I'm getting dizzy reading it ...

\frac{k_1b_1}{(k_1+b_1s)(k_2+b_2s)-b_1^2s^2}

Yes?

 

[krnhseya]

yeap :)

 

[krnhseya]

well is this impossible to separate?
i did other problems but i am just stuck on this one.
let me know if you need the actual problem statement...

 

[HallsofIvy]

you want, of course, to factor the denominator. I think I would be inclined to multiply out that first part and combine coefficients of like powers. It will be, of course, a quadratic.
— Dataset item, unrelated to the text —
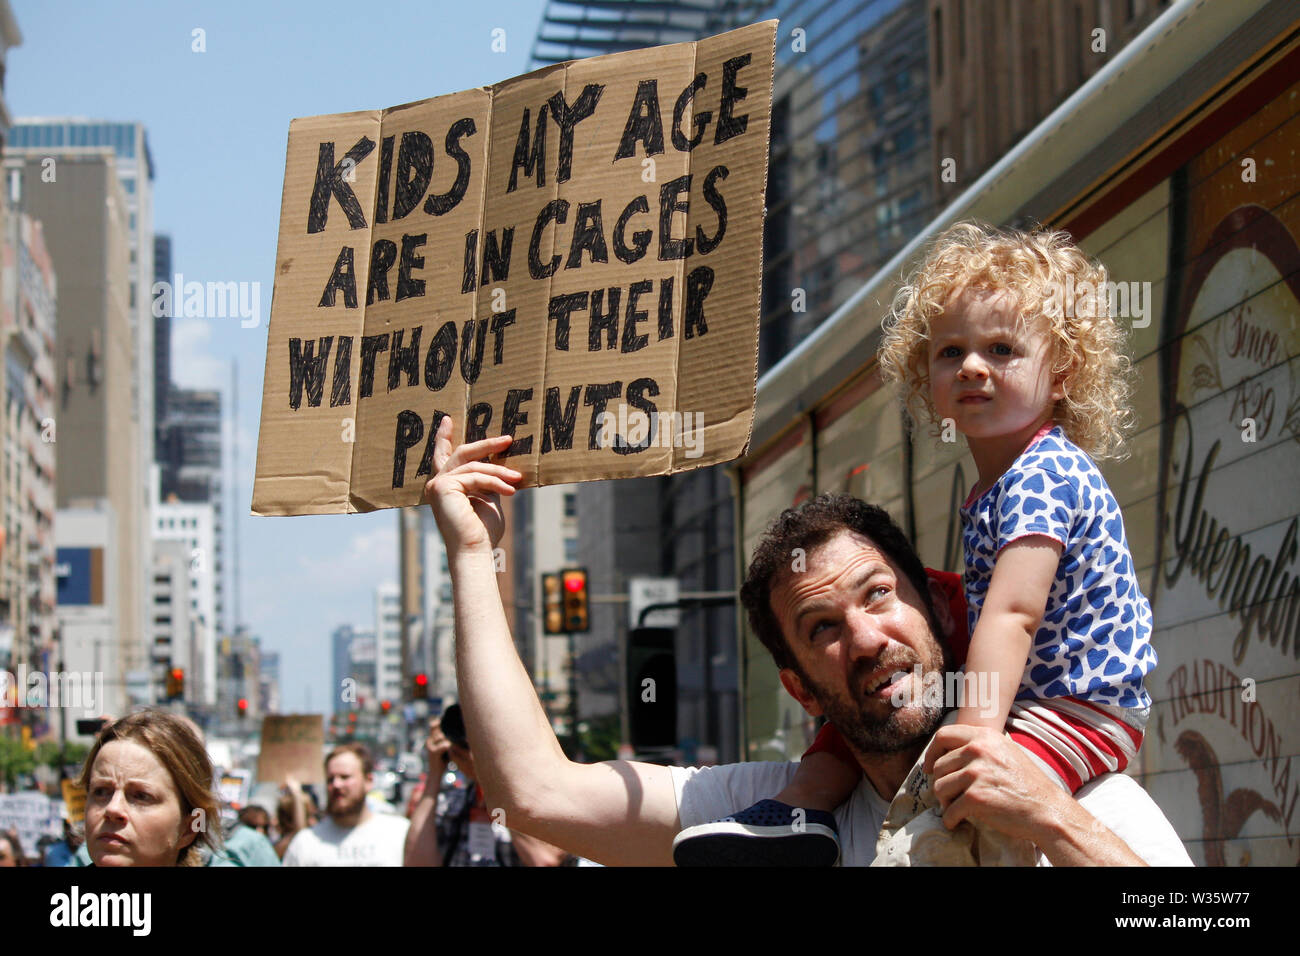 Philadelphia, PA, USA - July 12, 2019: A father and child hold a sign  to protest inhumane conditions for children in immigration detention camps. Stock Photo

At worst, you could set the denominator equal to 0 and solve the equation by the quadratic formula.

 

[tiny-tim]

\frac{k_1b_1}{(k_1+b_1s)(k_2+b_2s)-b_1^2s^2}

krnhseya, just expand the bottom line into the form as^2\,+\,bs\,+\,c, and then factor it using the good ol' (-b ±√b^2 - 4ac)/2a.

 

[krnhseya]

\frac{k_1b_1}{(k_1+b_1s)(k_2+b_2s)-b_1^2s^2}

krnhseya, just expand the bottom line into the form as^2\,+\,bs\,+\,c, and then factor it using the good ol' (-b ±√b^2 - 4ac)/2a.

well that b1 squared and s squared at the end...it cancells the expansion of the squared part...

 

[tiny-tim]

No, it doesn't …

It's k_1k_2\,+\,(b_1k_2\,+\,b_2k_1)s\,+\,b_1(b_2\,-\,b_1)s^2